* [EXERCISE]
With the pictures left aside, write out exactly the lines of the listing below from the line with "Sea World Coloring" to the line with "She admired her", both included, and only those.

* [THE DATA]
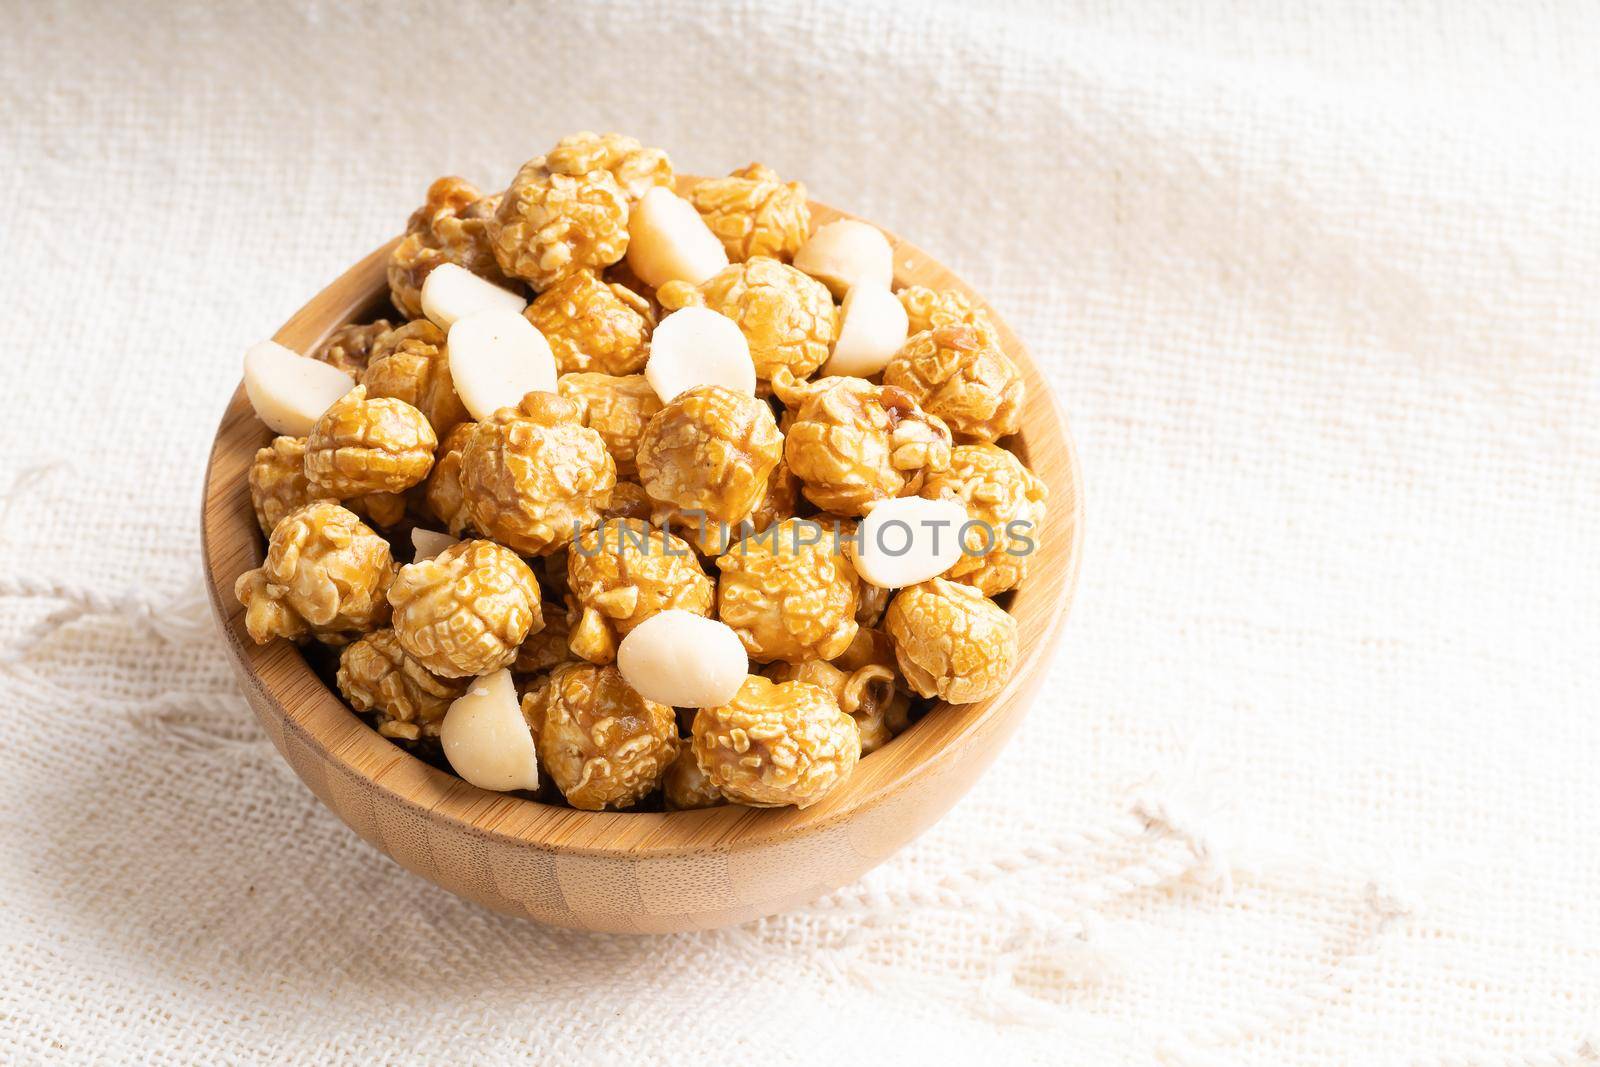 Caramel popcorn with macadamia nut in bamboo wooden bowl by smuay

---

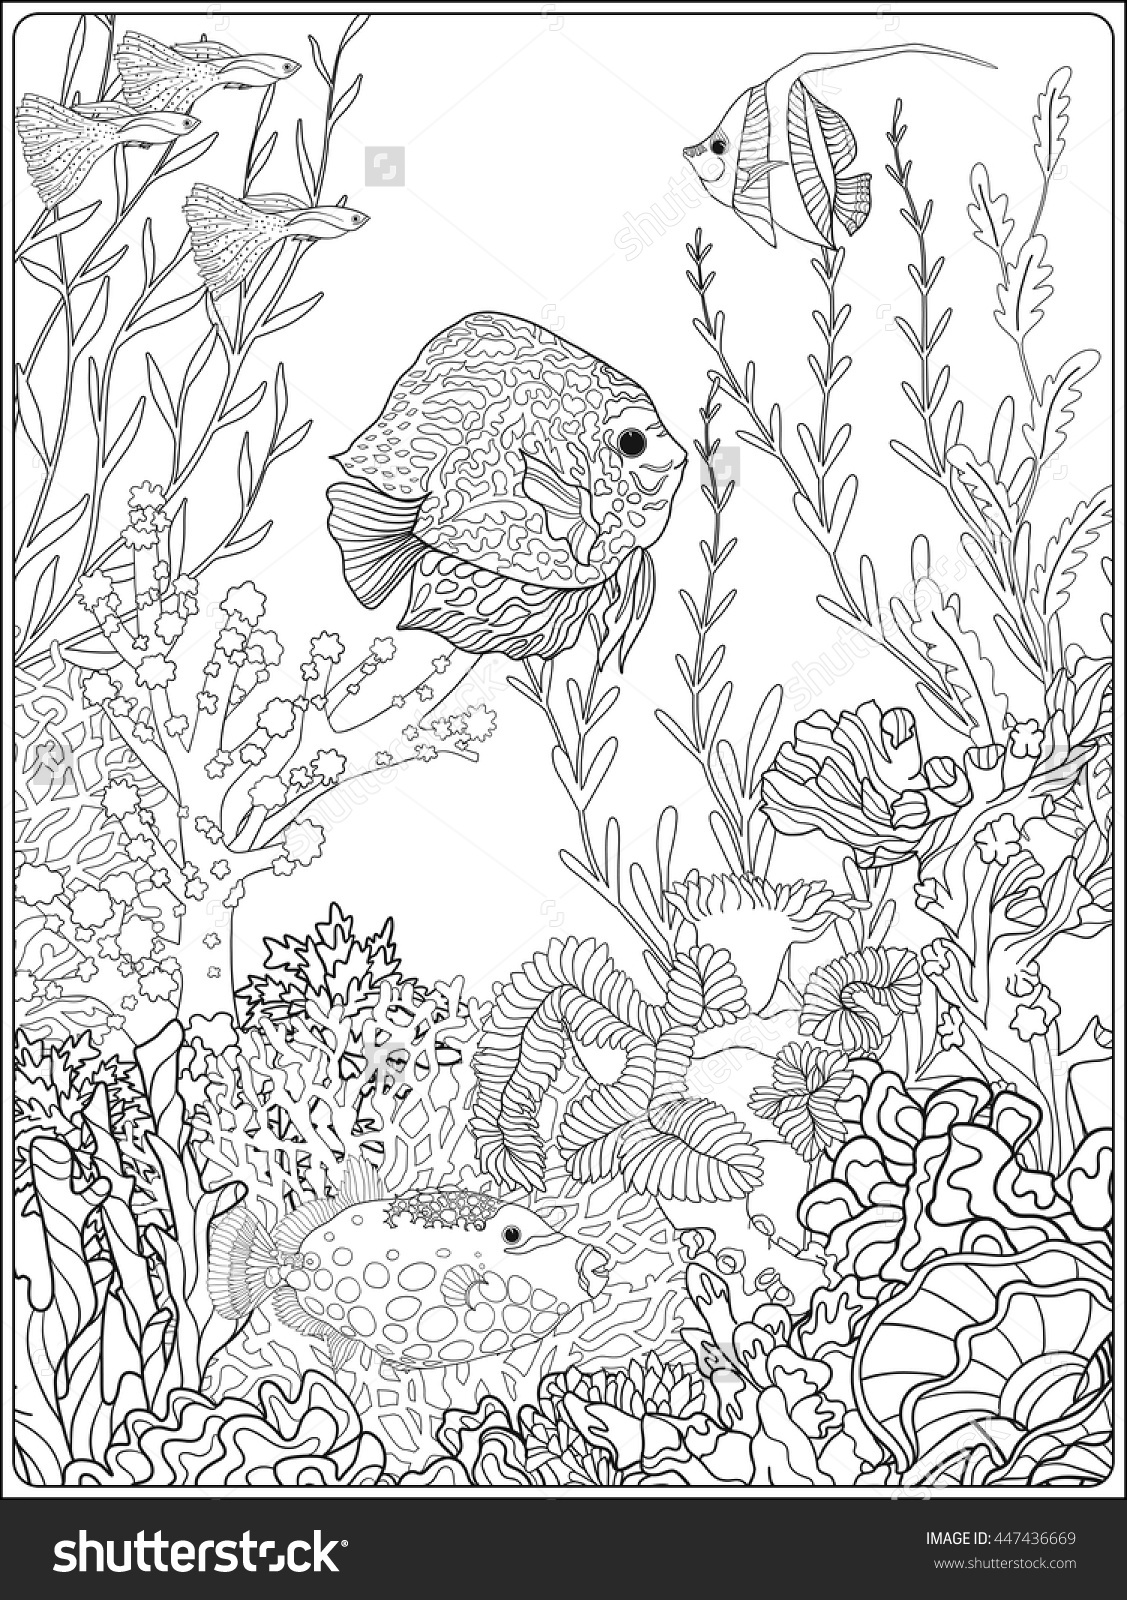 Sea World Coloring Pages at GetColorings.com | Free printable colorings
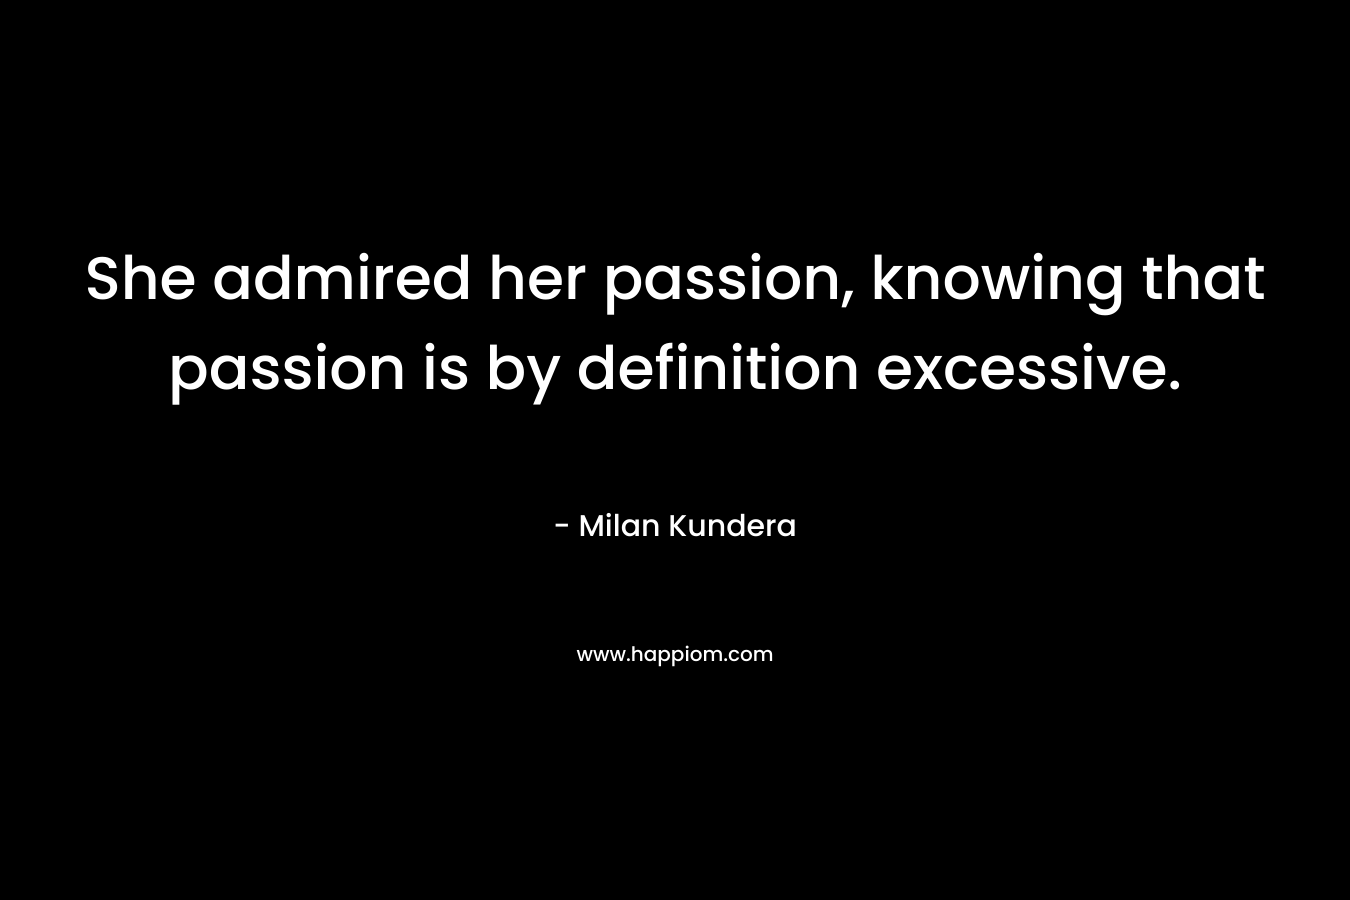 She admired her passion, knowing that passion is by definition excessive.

* [PROBLEM SOLUTION]
 Sea World Coloring Pages at GetColorings.com | Free printable colorings
 She admired her passion, knowing that passion is by definition excessive.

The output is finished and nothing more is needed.